1.What prompted this move by the Chinese government?

Chinese policymakers are attempting to stimulate the economy through funding aimed at supporting strategic initiatives. The bond issuance reinforces the government’s commitment to achieving a 5% growth rate this year, even as the economy battles weak consumer sentiment stemming from concerns over the real estate sector and ongoing geopolitical tensions.

Further, currency and equity market volatility in China have dampened investor interest in riskier Chinese assets, while bond yields have fallen, underscoring a flight-to-quality and preference for stability. Given these market dynamics, the government is likely looking to secure cheap long-term financing for strategic projects.

2. How do we expect this to impact the Chinese economy?

The effects of the bond issuance will take time to cascade through the economy and will be determined by where the bond proceeds are deployed. That said, the scale of the bond issuance is relatively small when compared to the size of the economy: one trillion yuan represents about 1% of China’s GDP.

Despite its size, the announcement was received favorably by markets as it was perceived as a sign that the government is amenable to providing additional fiscal support.

3. There are concerns around a credit and real estate bubble in China. Does this add fuel to those concerns?

At the aggregate level, China’s debt-to-GDP ratio of ~280% is only modestly elevated relative to other large economies.
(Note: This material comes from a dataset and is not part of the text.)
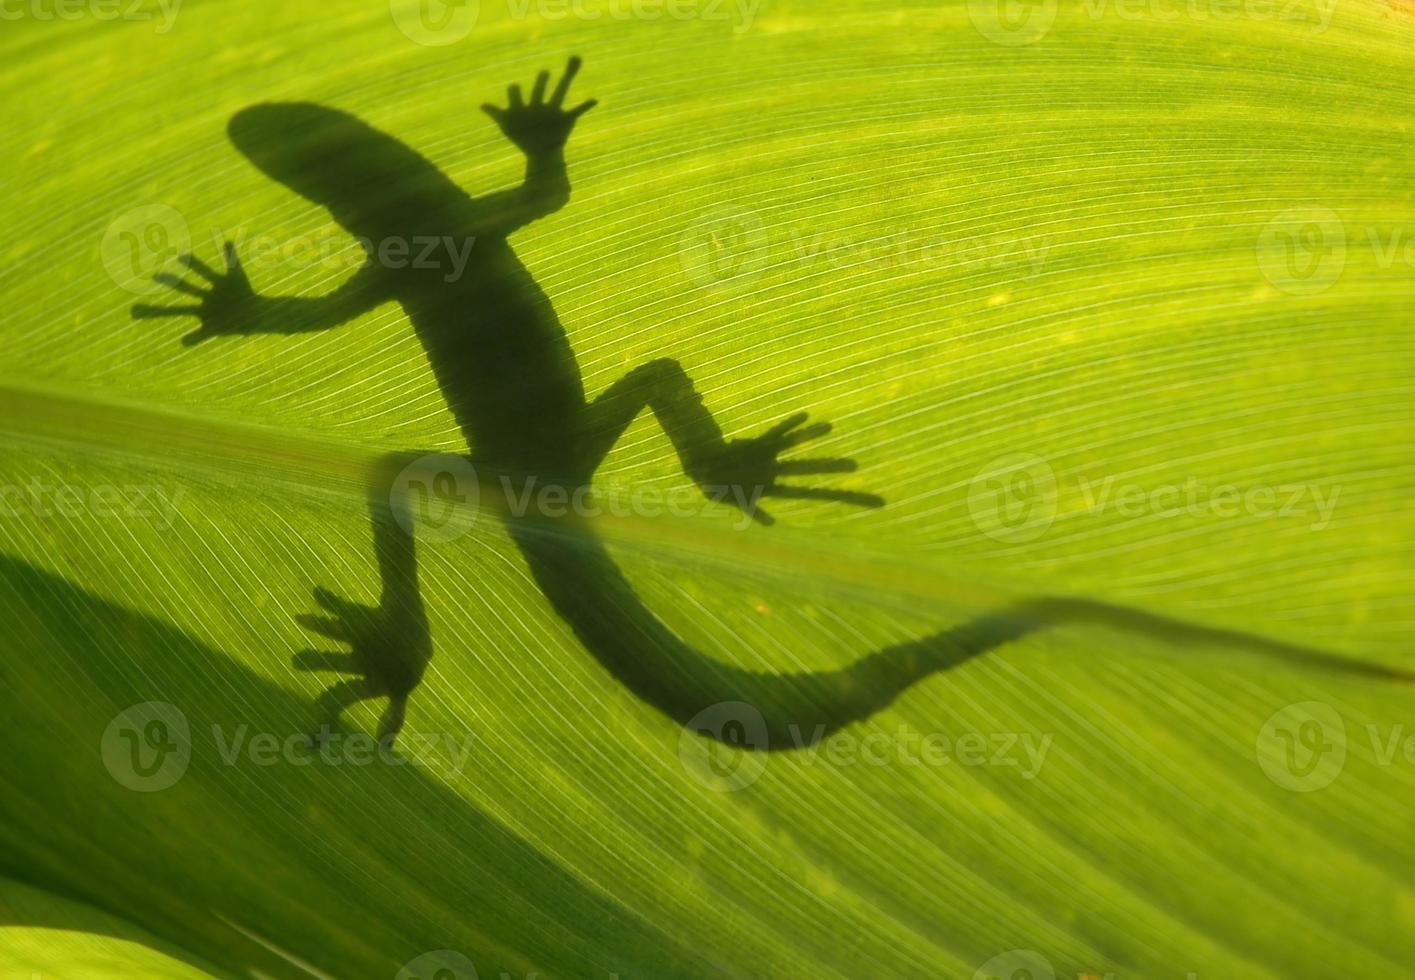 lagarto selvagem na folha de luz de fundo foto

However, certain sections of the economy—including property developers and local governments—remain more concerning as they are burdened with outsized debt loads relative to revenues. So far this year, borrowing restrictions from the top-down have resulted in a more muted pace of local government bond issuance, presenting a headwind for growth.
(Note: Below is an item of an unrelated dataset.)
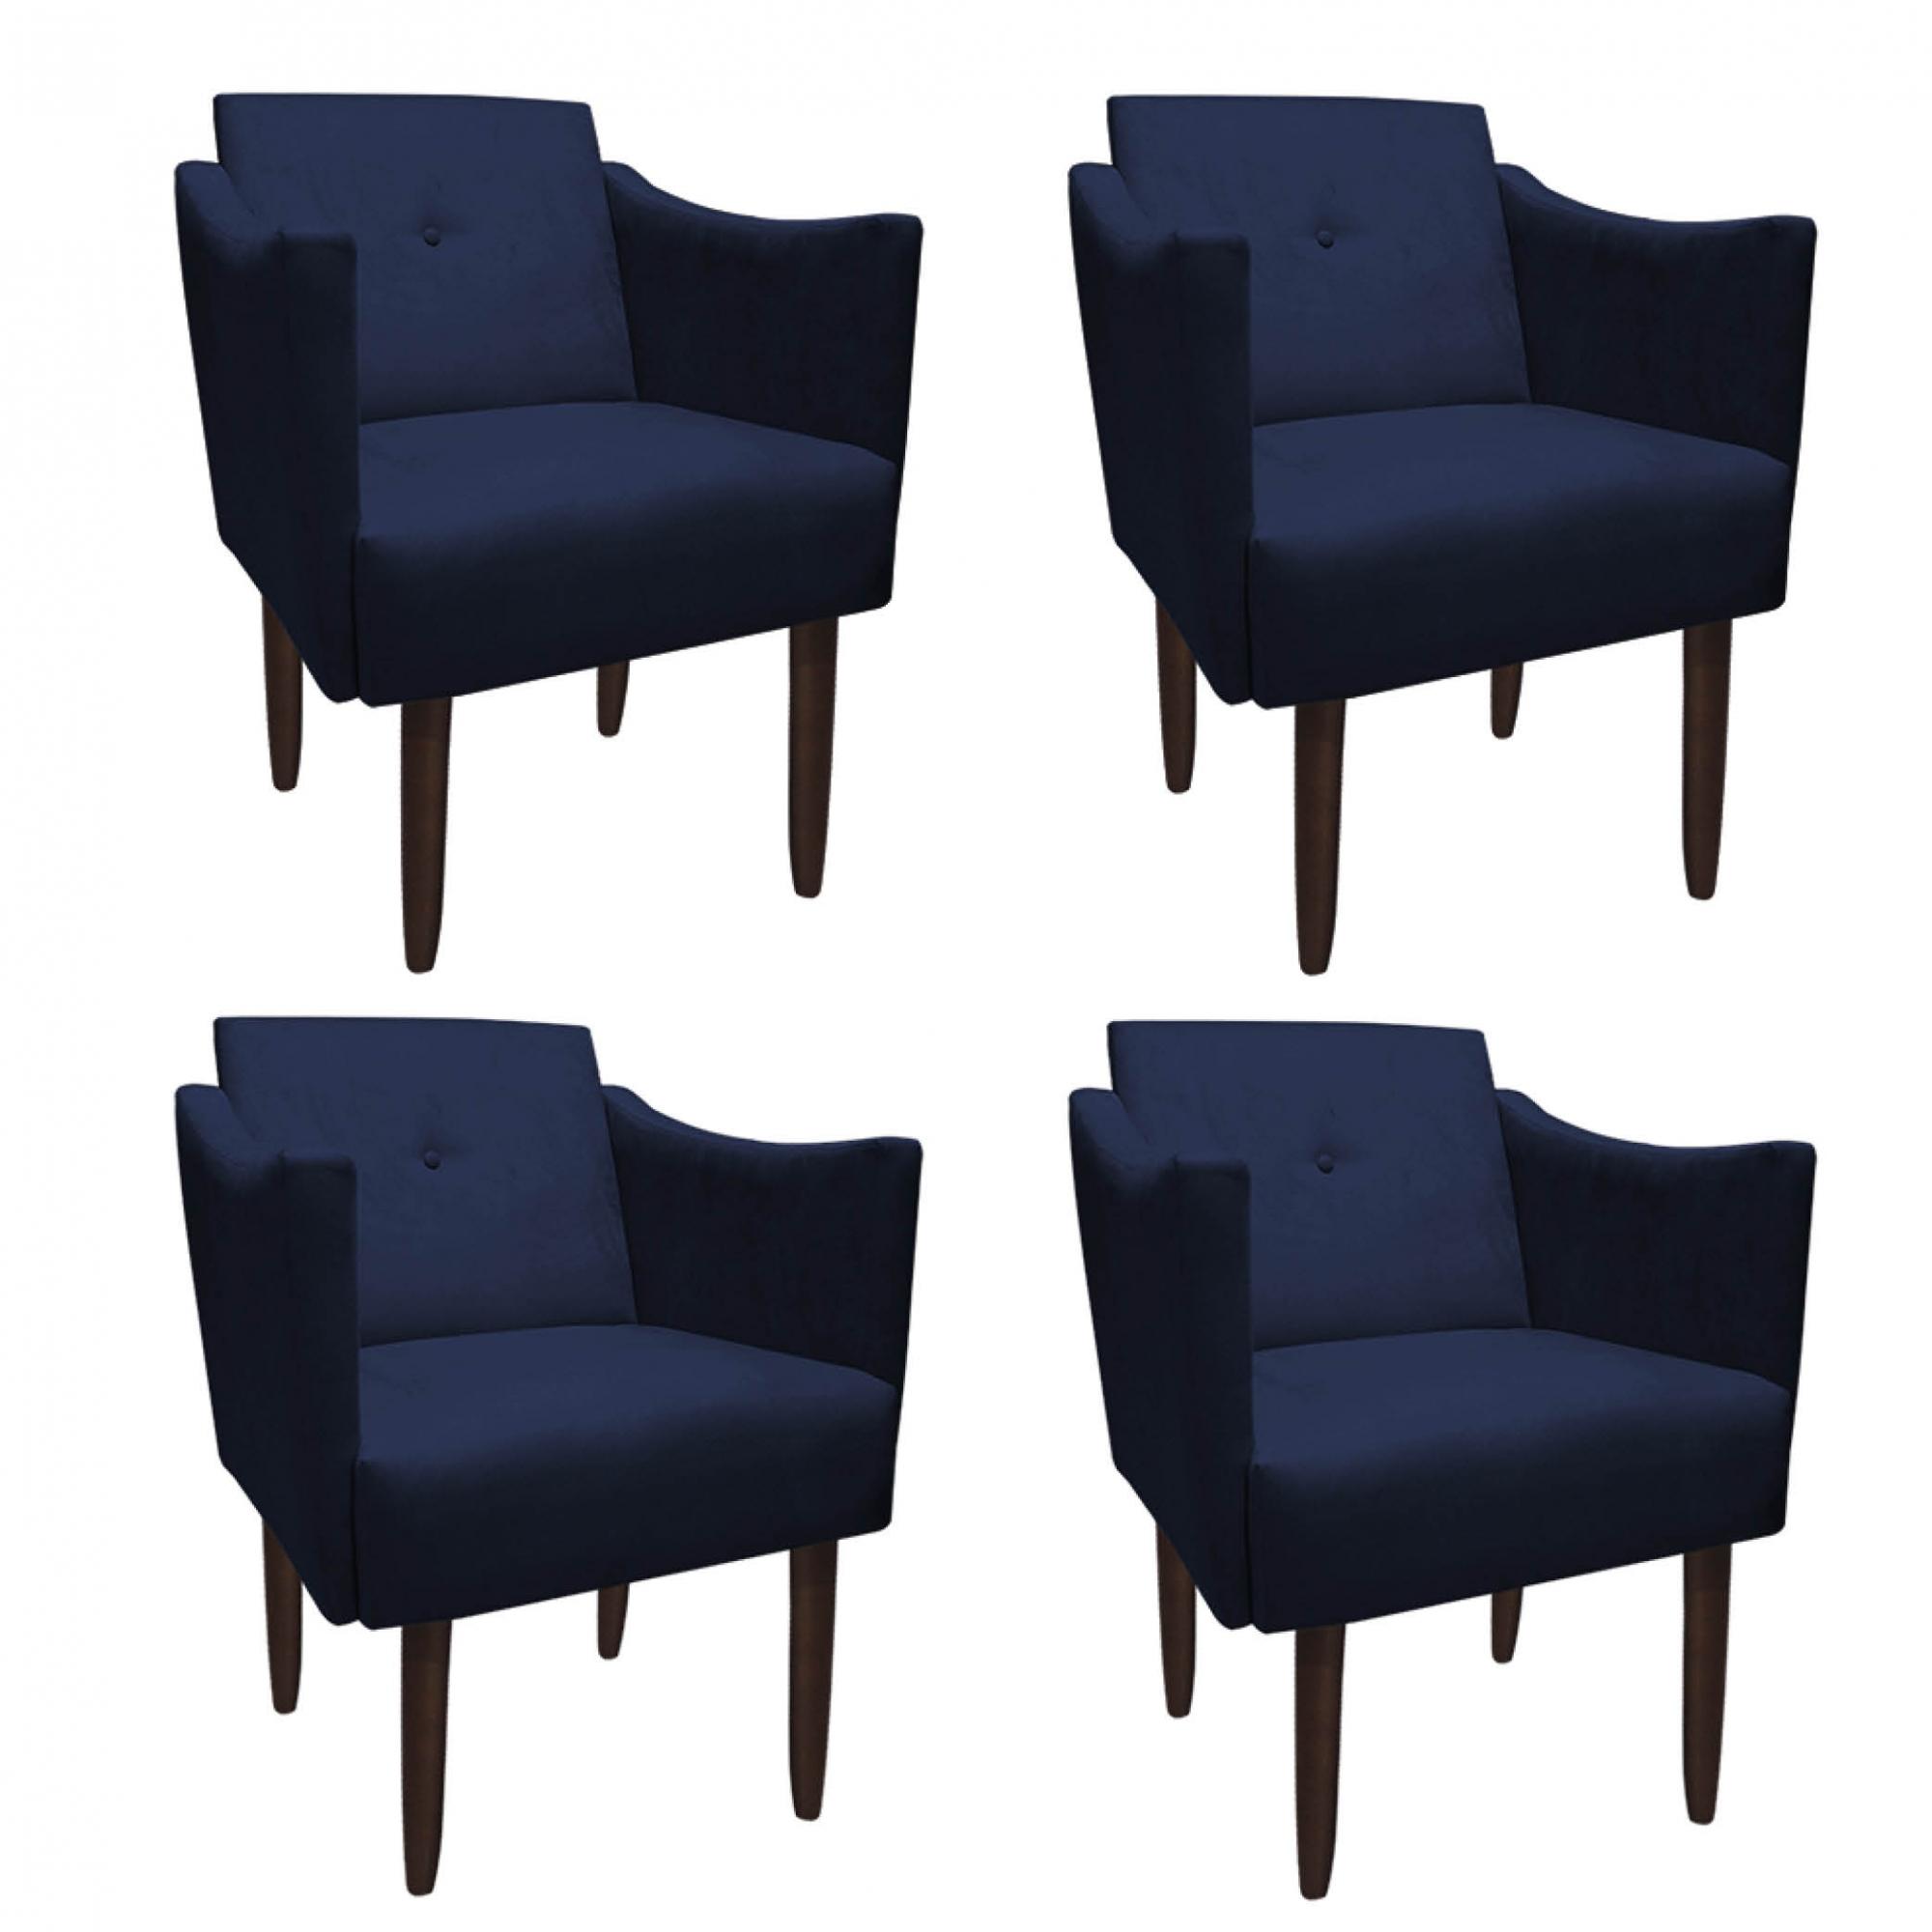 Kit 4 Poltrona Naty Decoração Clínica Salão Cadeira Recepção Escritório Sala Estar  D'Classe Decor Suede Azul Marinho

The one trillion yuan bond issuance will leverage the central government’s balance sheet: it represents ~3% of the roughly 30 trillion yuan in outstanding central government debt. The existing leverage on the central government balance sheet may help ease the burden on local governments.

4. Does this have a meaningful impact on China’s weight in market indexes?

No. Chinese assets represent a relatively small part of global capital markets and we do not believe the announced bond issuance will have a meaningful impact on the country’s weight in global indexes.

The most direct impact will be within emerging market debt; however, China’s weight within most diversified local currency debt indexes already meets the maximum level.

5. What is NEPC’s recommendation on Chinese debt and equity?

We continue to believe that investing in China offers an attractive total return opportunity and diversification benefits to a portfolio. We prefer equity relative to debt given the potential return upside associated with equity, and the relatively attractive equity and currency valuations at present.

That said, we expect volatility to persist amid continued geopolitical tensions and diverging macroeconomic conditions with the U.S., but we believe investors will be adequately compensated for the volatility profile over the long term.